■ Description of the task ■
Write the entries out exactly, with the final line being the one containing "Graphic of Implant".

■ Study material ■
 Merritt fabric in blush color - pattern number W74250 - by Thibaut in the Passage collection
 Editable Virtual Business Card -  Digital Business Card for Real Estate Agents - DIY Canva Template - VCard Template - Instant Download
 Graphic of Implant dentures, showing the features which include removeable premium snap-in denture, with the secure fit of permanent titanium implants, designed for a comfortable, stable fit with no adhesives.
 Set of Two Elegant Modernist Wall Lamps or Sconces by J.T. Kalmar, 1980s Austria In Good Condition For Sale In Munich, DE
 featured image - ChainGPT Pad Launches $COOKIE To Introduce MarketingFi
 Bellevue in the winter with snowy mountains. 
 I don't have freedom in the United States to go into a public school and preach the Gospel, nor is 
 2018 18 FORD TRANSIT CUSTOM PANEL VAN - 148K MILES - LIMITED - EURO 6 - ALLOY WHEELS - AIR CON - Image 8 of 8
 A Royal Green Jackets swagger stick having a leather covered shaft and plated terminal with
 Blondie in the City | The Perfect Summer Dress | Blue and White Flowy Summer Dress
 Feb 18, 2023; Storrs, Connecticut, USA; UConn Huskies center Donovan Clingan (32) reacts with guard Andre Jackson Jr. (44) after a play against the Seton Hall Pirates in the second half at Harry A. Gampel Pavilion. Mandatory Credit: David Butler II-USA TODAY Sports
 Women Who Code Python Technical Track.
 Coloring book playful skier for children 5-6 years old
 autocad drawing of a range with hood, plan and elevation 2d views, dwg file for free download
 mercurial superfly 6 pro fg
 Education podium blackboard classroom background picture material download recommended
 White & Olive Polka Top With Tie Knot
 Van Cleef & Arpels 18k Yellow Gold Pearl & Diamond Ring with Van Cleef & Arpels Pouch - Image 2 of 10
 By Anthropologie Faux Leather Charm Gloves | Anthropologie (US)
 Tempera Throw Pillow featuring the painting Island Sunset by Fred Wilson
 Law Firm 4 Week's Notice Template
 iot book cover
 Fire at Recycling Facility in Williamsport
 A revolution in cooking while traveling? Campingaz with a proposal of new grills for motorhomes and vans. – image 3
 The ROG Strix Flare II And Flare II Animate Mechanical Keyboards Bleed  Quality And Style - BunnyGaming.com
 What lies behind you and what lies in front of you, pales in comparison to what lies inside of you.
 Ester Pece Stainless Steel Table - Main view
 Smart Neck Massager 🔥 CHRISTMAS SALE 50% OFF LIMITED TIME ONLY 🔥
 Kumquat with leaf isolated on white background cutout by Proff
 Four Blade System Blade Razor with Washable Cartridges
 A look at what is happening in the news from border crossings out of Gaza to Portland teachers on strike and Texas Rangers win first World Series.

■ Answer to the exercise ■
 Merritt fabric in blush color - pattern number W74250 - by Thibaut in the Passage collection
 Editable Virtual Business Card -  Digital Business Card for Real Estate Agents - DIY Canva Template - VCard Template - Instant Download
 Graphic of Implant dentures, showing the features which include removeable premium snap-in denture, with the secure fit of permanent titanium implants, designed for a comfortable, stable fit with no adhesives.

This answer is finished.